## 128-bits multiply with NumPy

For another on-going project, I needed to do 64-bits x 64-bits to 128-bits multiply, and I needed it in Python. When doing numerical work with Python, I always use NumPy which is a really awesome library. Unfortunately NumPy is heavily biased towards hardware native types, which makes sense for efficiency but did not helped me.
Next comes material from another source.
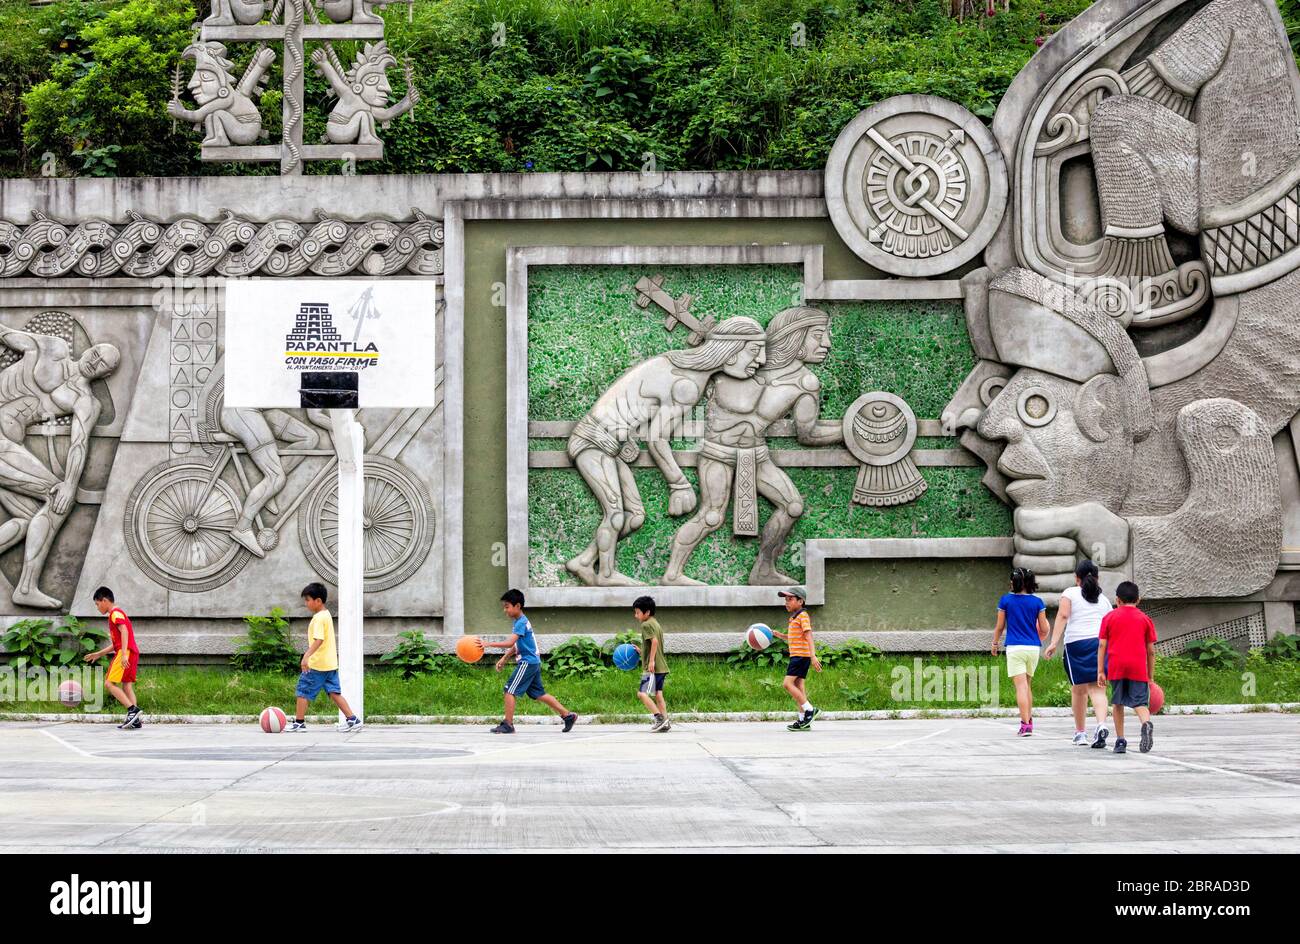 Kinder üben Basketball umgeben von Erinnerungen an ihr Erbe in Papantla, Veracruz, Mexiko. Stockfoto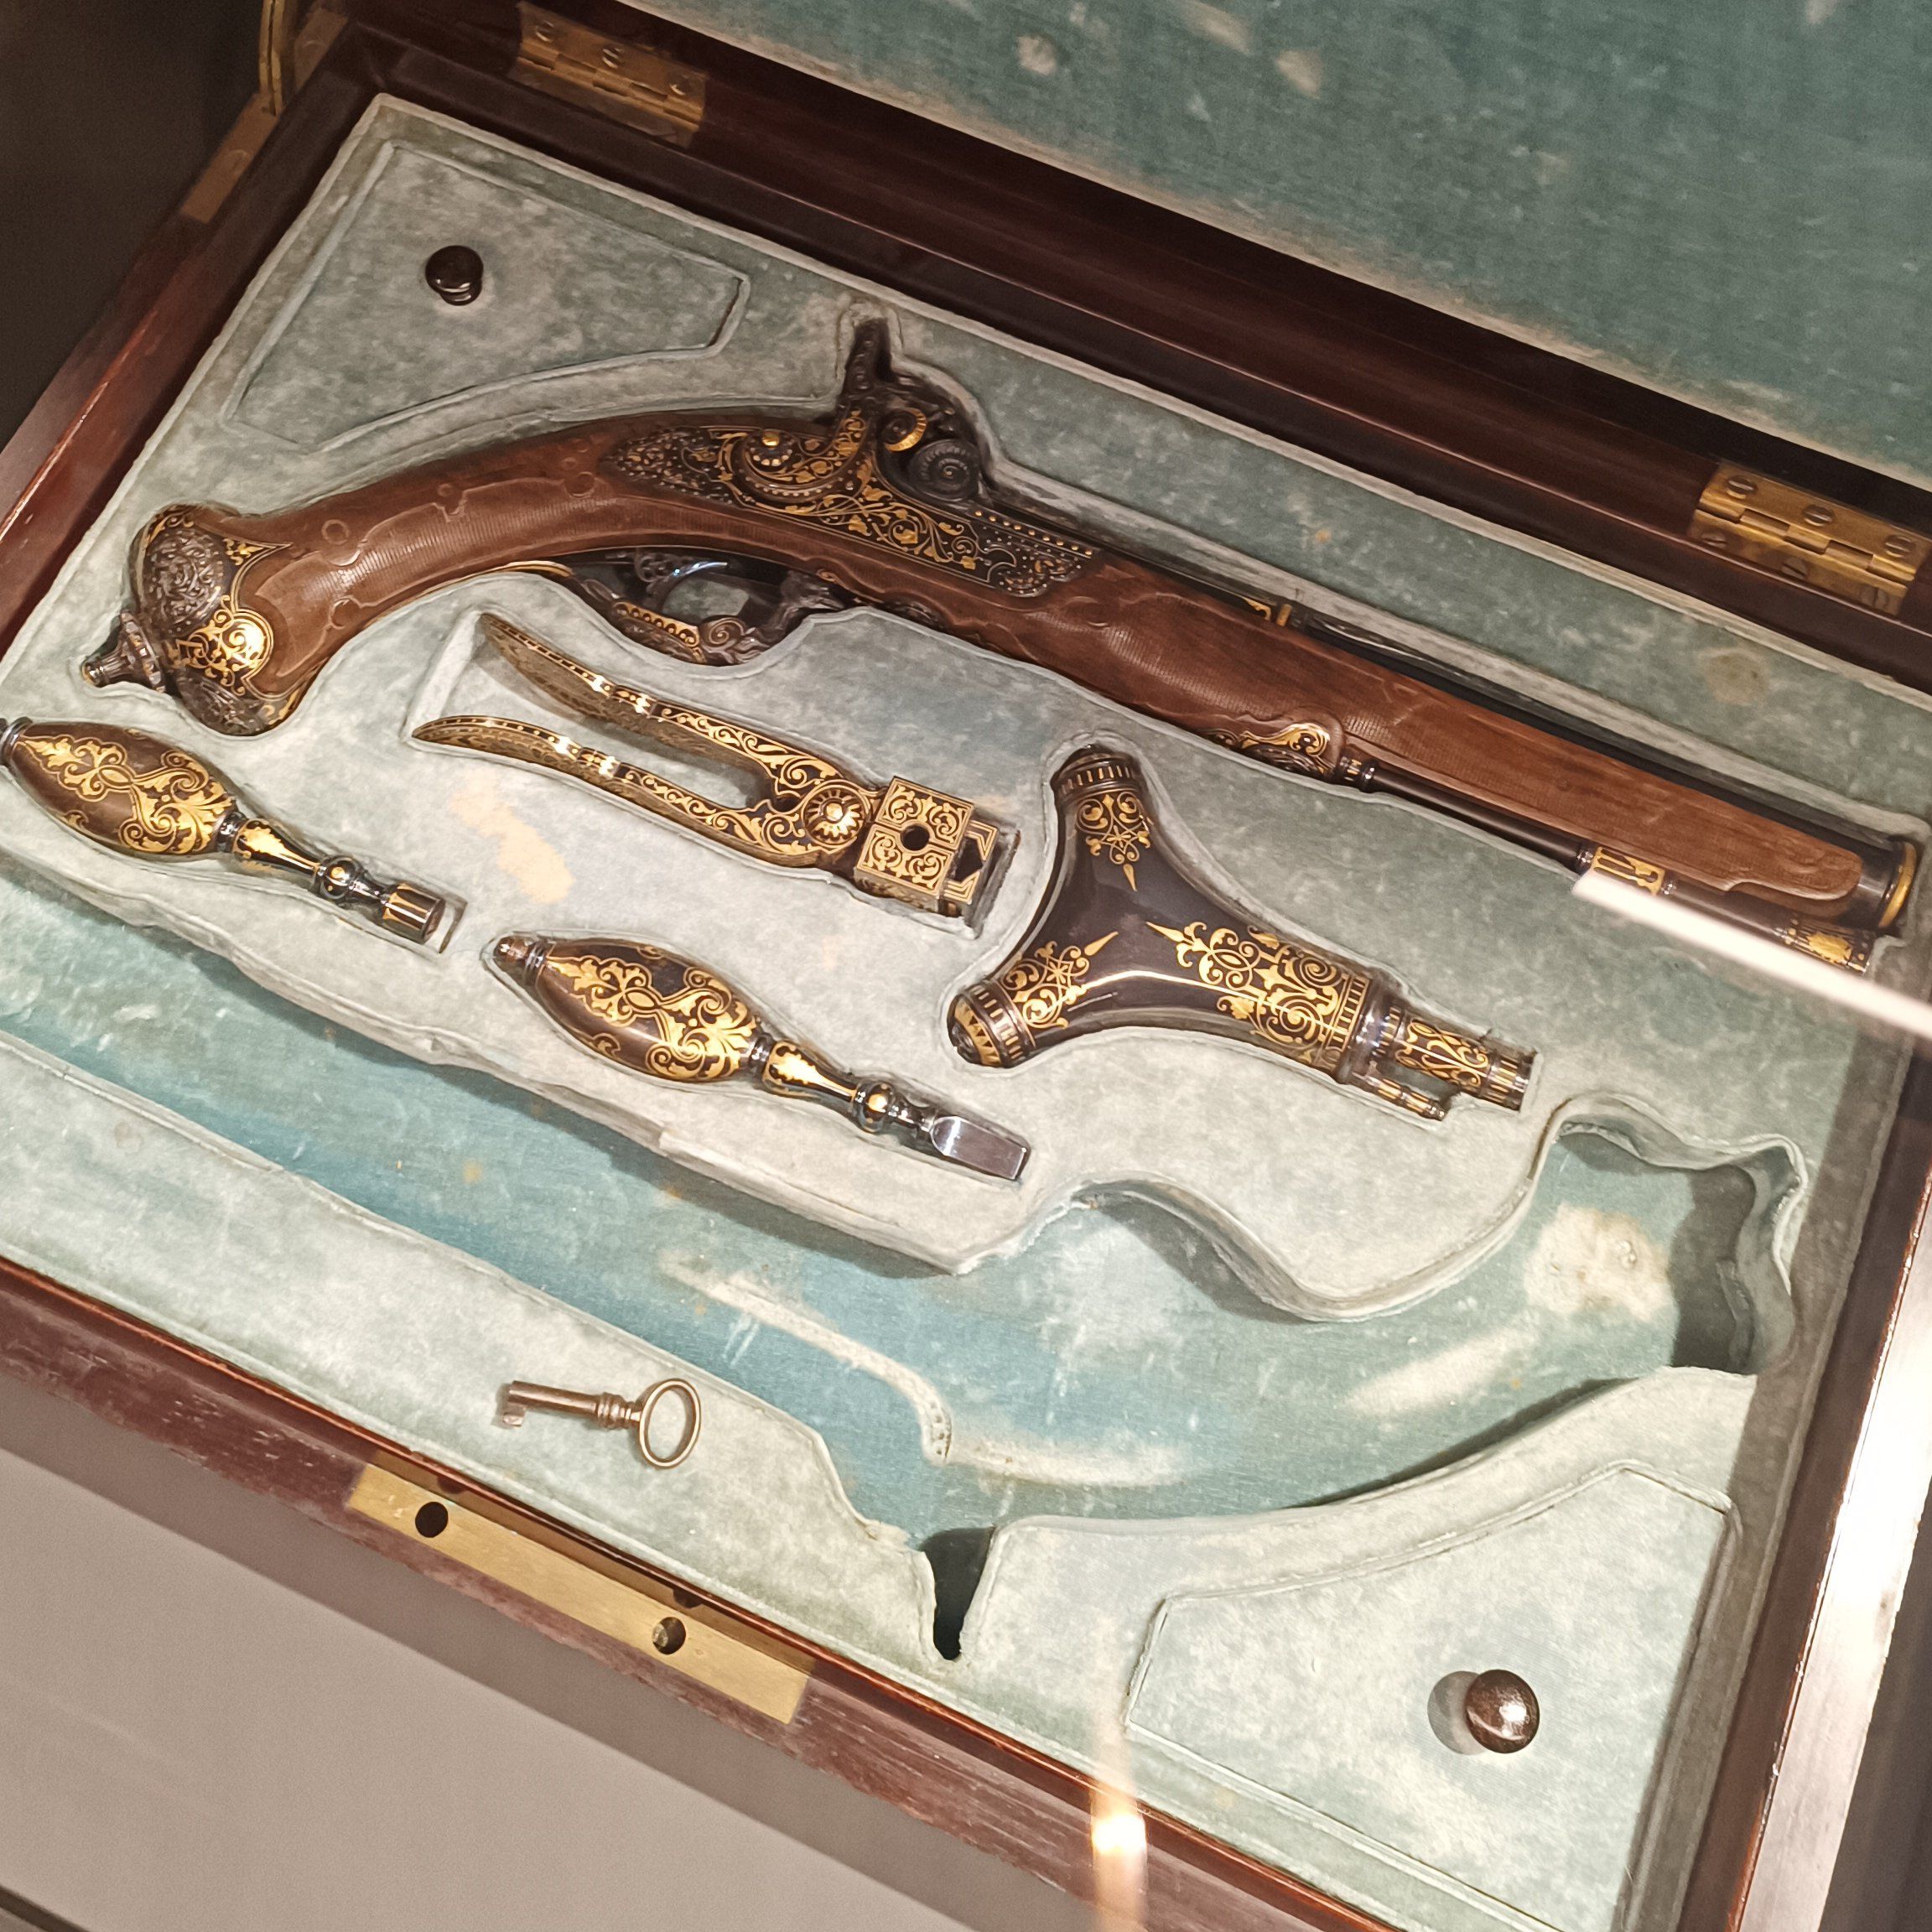 'El lujo del honor', la exposición de pistolas de duelo llega al Museo Nacional del Romanticismo

I decided to write my own NumPy-based 64x64->128 routines.

## Some simple maths

The problem with 64x64 using 64-bits types is that it will obviously overflow. To avoid overflowing, we need to decompose the multiply operation into several operations applying to 64-bits types (which are the bigger native types we can use) without overflow. The trick is to multiply and add 32-bits integers using 64-bits integers: that way we know there will be no overflow.

Here is how to decompose a 64x64 multiplication into 32-bits operations:

```  a * b
= ahi|alo * bhi|blo
= (ahi*2^n + alo) * (bhi*2^n + blo)
= (ahi*bhi)*2^(2n) + (ahi*blo)*2^n + (alo*bhi)*2^n + alo*blo
= (ahi*bhi)*2^(2n) + (ahi*blo + alo*bhi)*2^n + alo*blo
```

With:

• `a` the 1st 64-bits integer, `ahi` its 32 higher order bits, `alo` its 32 lower order bits
• `b` the 2nd 64-bits integer, `bhi` its 32 higher order bits, `blo` its 32 lower order bits
• `n` the bit size of the smaller type. In my case n = 32

That's it? Unfortunately no: the terms `ahi*bi`, `ahi*blo`, `alo*bhi` and `alo*blo` won't overflow (32x32->64), but the term `ahi*blo + alo*bhi` can (and will) overflow. We have to decompose it again:

```  ahi*blo + alo*bhi
= mid1 + mid2
= mid1hi|mid1lo + mid2hi|mid2lo
= (mid1hi*2^n + mid1lo) + (mid2hi*2^n + mid2lo)
= (mid1hi+mid2hi)*2^n + mid1lo + mid2lo
```

Looks good. The last issue to deal with is that this middle term `ahi*blo + alo*bhi` is a 64-bits value shifted by 32-bits: its 32 low-order bits must be added to the last term `alo*blo` whereas its 32 high-order bits must be added to the 1st term `ahi*bhi`.

## NumPy implementation

The NumPy implementation just implement what we saw here. As a side-note, I think the fact you can indifferently use NumPy arrays or integers is a testament to the great interface design of NumPy.

The actual implementation looks a little bit obfuscated, because of optimizations to avoid too many array copies. You can compare it to the more straightforward (and slower) version.

## But why?

OK, I could just have used NumPy with `array(dtype='object')` and use the nice built-in, arbitrary sized, integer Python type. This is true.

On the other hand, this is interesting and this is faster. And in the case of my other project, I can optimize further because I do not need the whole 128-bits result.